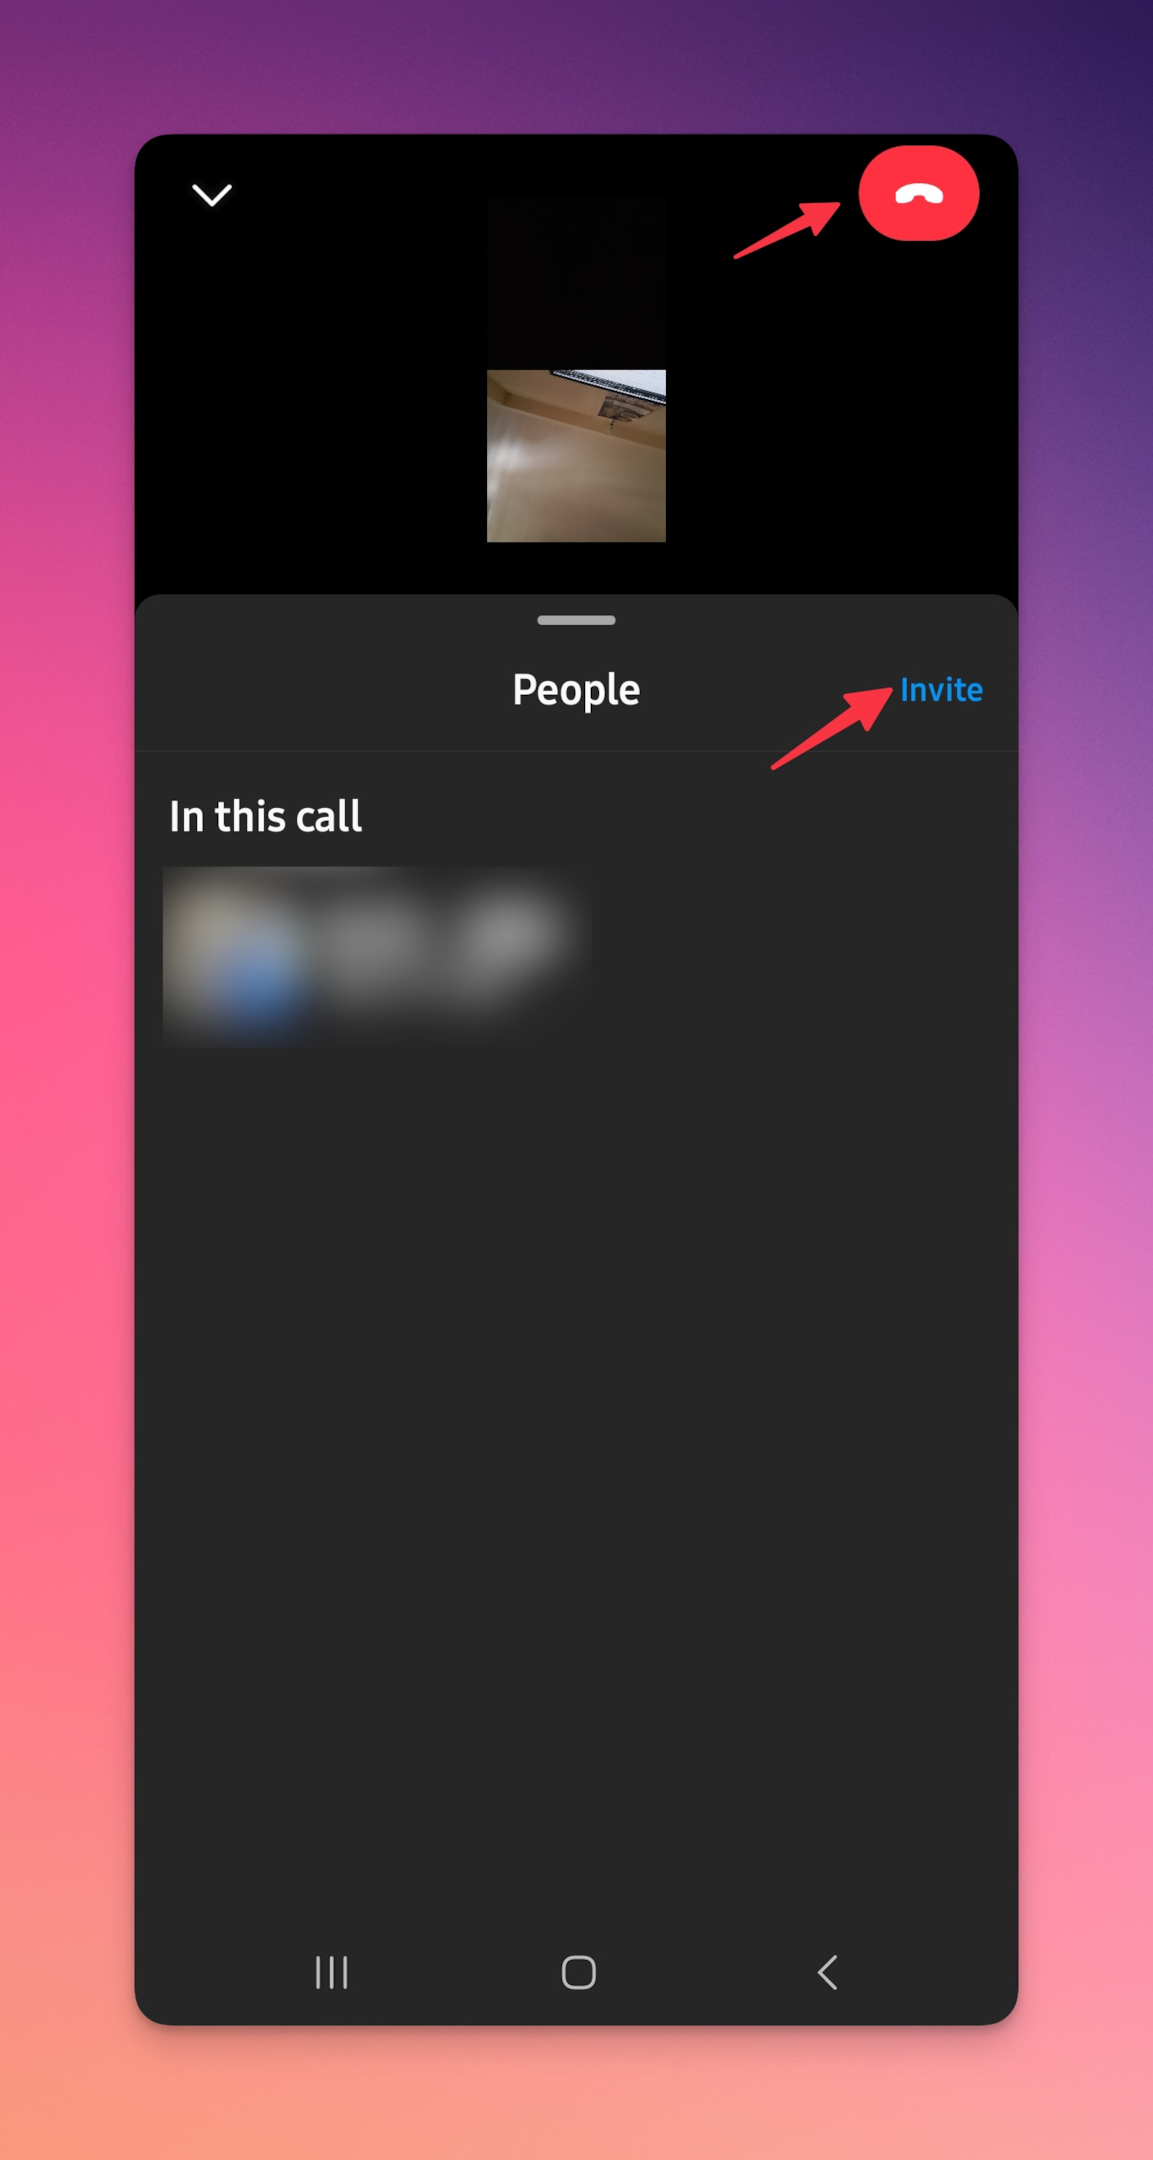 Remote.tools shows to tap on Invite button to add people to your video chat on Instagram
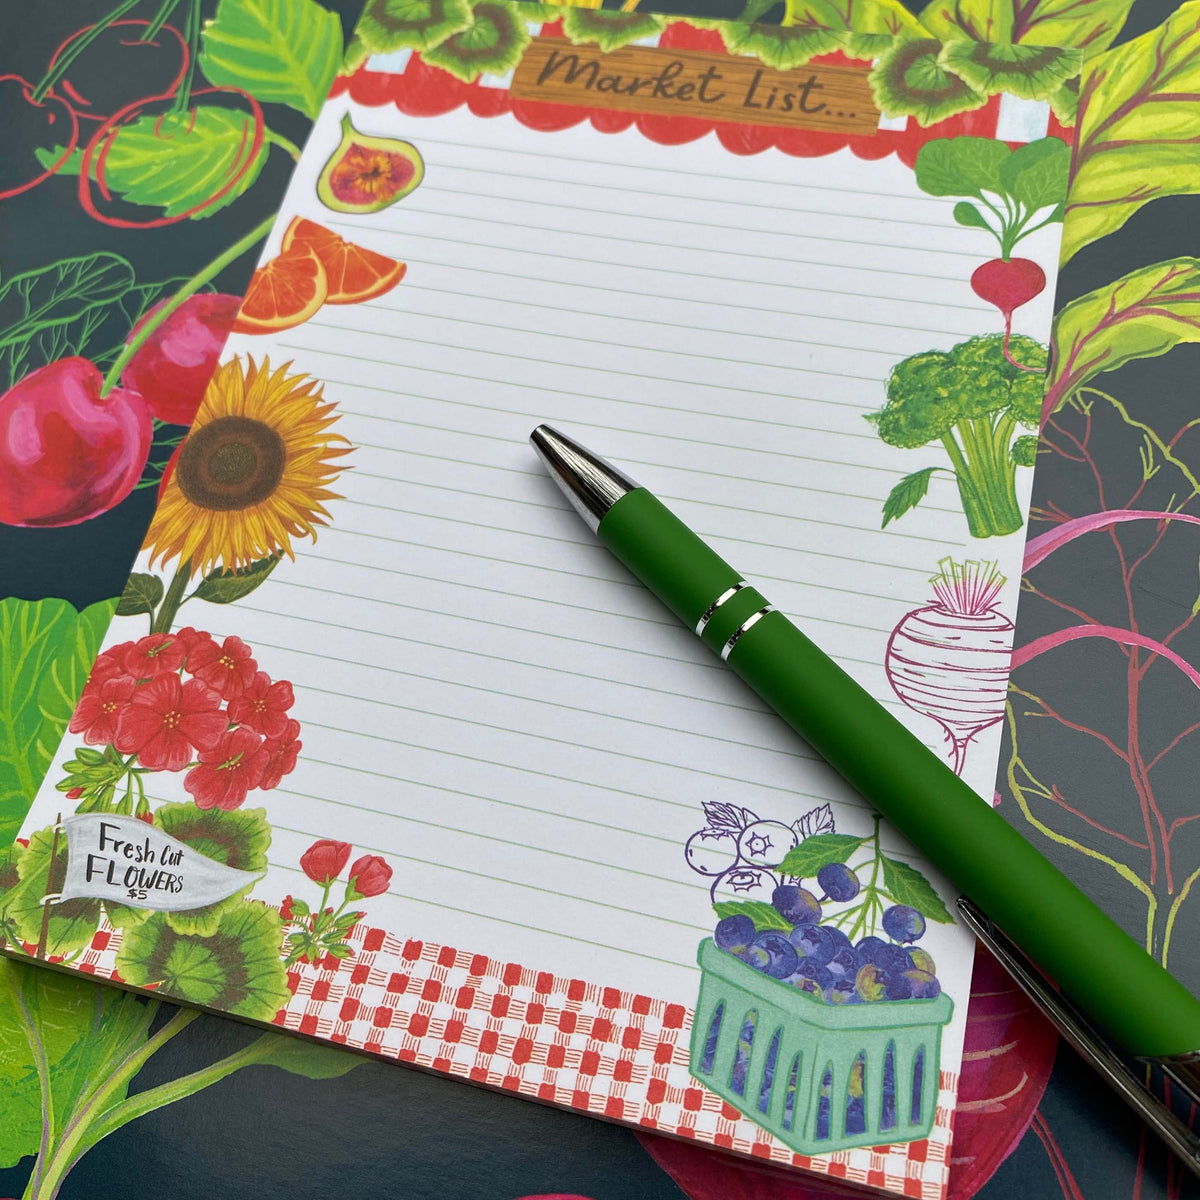 black background with colorful fruits and vegetables. A Market List Notepad sits on top of this illustration containing illustrations of fruits, vegetables and flowers.  A green pen sits on top of the notebad. 
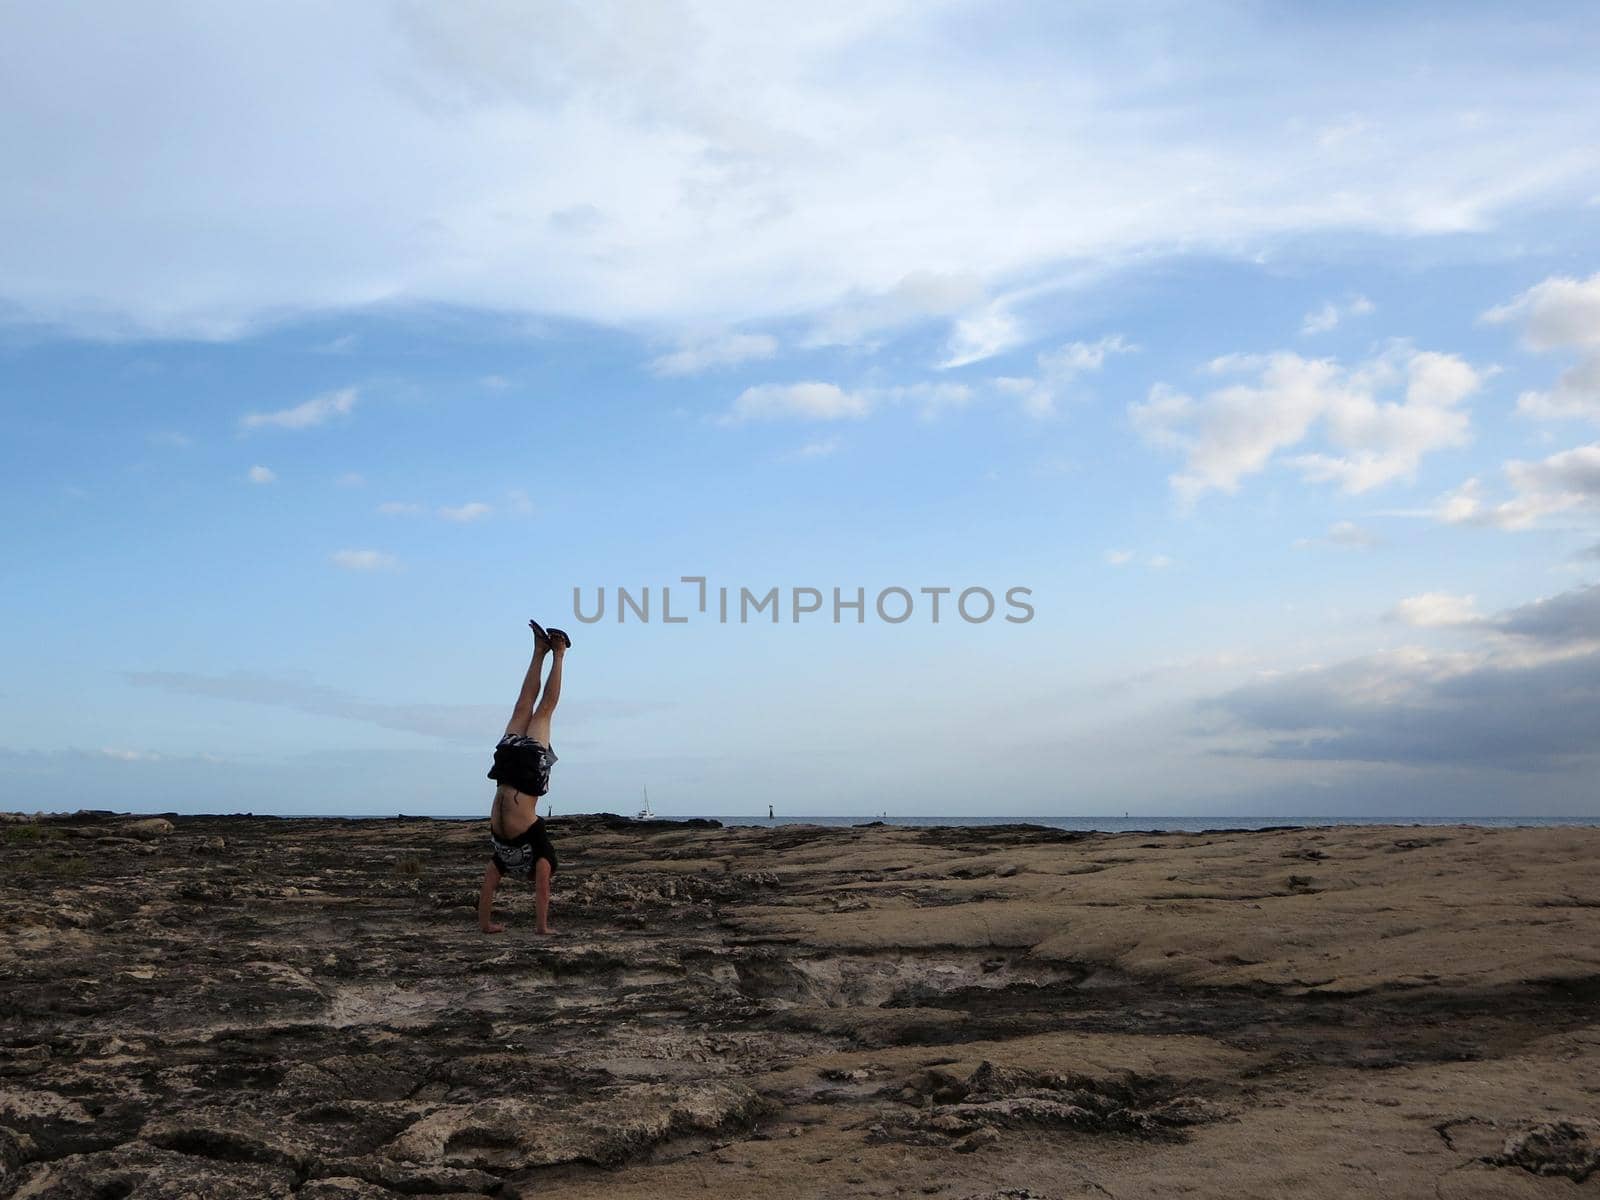 Man wearing a t-shirt, shorts, and slippers Handstands on shore rocks of Ko Olina on Oahu, Hawaii with dramatic clouds, sky, and pacific ocean in the distance.

-=-=-

- **Activity**
What is needed here is each line above set down word for word, minus the images.

- **Written response**
 Remote.tools shows to tap on Invite button to add people to your video chat on Instagram
 black background with colorful fruits and vegetables. A Market List Notepad sits on top of this illustration containing illustrations of fruits, vegetables and flowers.  A green pen sits on top of the notebad. 
 Man wearing a t-shirt, shorts, and slippers Handstands on shore rocks of Ko Olina on Oahu, Hawaii with dramatic clouds, sky, and pacific ocean in the distance.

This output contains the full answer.